Park visits Incheon day care facility
Her trip to the state-run facility came three weeks after video footage at a private day care in Yeonsu District showing a teacher smacking a 4-year-old to the ground went viral.
The president, accompanied by the minister of health and welfare, her senior secretary for employment and labor as well as related government officials, had talked with the head of the day care center and parents, and briefly interacted with the children there.
“Child care policies should be developed from the perspective of parents and children,” she said. “I think the policies also need to go through the process of being re-examined by teachers. The Health Ministry is seeking to collect opinions from experts and people like you at the scene to come up with measures to eradicate child abuse, and continue to listen to the voices of those directly engaged.”

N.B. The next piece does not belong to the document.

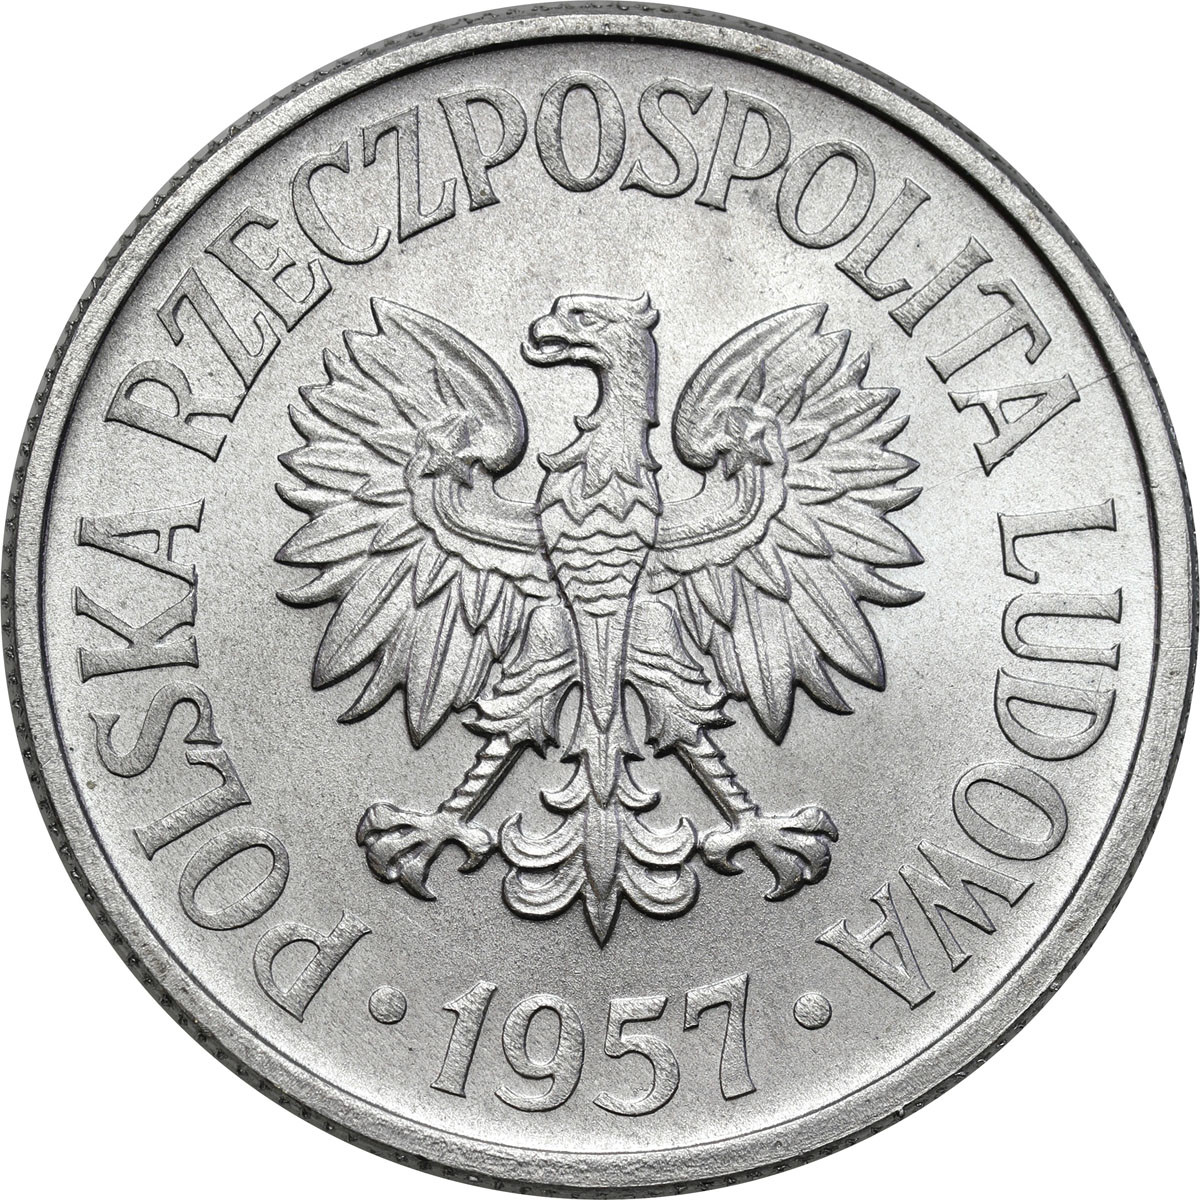 PRL. 50 groszy 1957 aluminium – RZADKI ROCZNIK
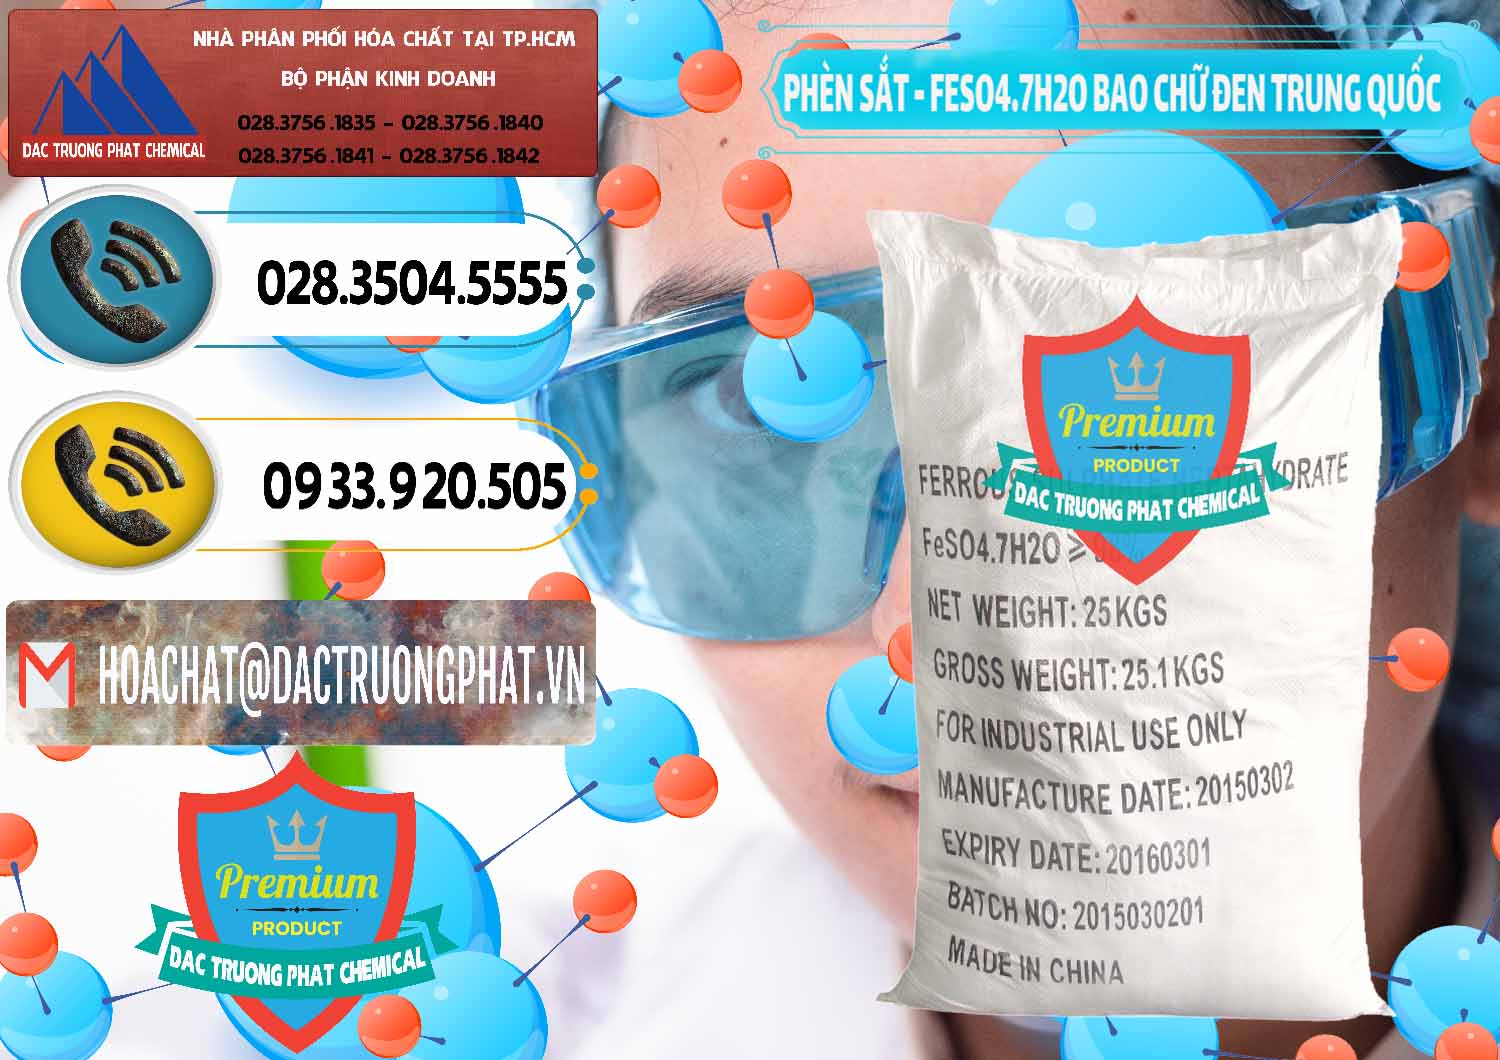 Nơi chuyên bán & cung cấp Phèn Sắt - FeSO4.7H2O Bao Chữ Đen Trung Quốc China - 0234 - Nơi cung cấp - phân phối hóa chất tại TP.HCM - hoachatdetnhuom.vn

Park later ordered the government to conduct research for a measure that would see the quality of private day care centers or those run by private corporations upgraded to be on par with those run by the state.
Health Minister Moon Hyung-pyo told her that the ministry plans to add 150 more state-run day care centers this year. As of 2013, state-funded day care centers nationwide accounted for a mere 5.3 percent of all facilities for children up to age 5, compared to 33.7 percent for private ones, according to ministry data. State-run centers guarantee better-qualified teachers at a lower cost, though with limited capacity, it is often hard for parents to get their child a seat.
The president also acknowledged the need for day care centers to install CCTV systems, even though it may not be the fundamental solution. “If trust is built [between parents and teachers], no child abuse could ever take place,” she said. “I hear that CCTVs are needed now, but how are they going to develop confidence?”
However, their installation could be a temporary solution “as other day care centers are in a transition period to become as good as this one,” she added.
The main opposition New Politics Alliance for Democracy earlier endorsed legalizing CCTV installments, saying it would pass a relevant bill during a provisional session of the National Assembly in February, despite concern it could infringe on teachers’ privacy. The ruling Saenuri Party and key government officials also came up with a plan Tuesday to push ahead with legalizing parents’ access to CCTV footage from those facilities.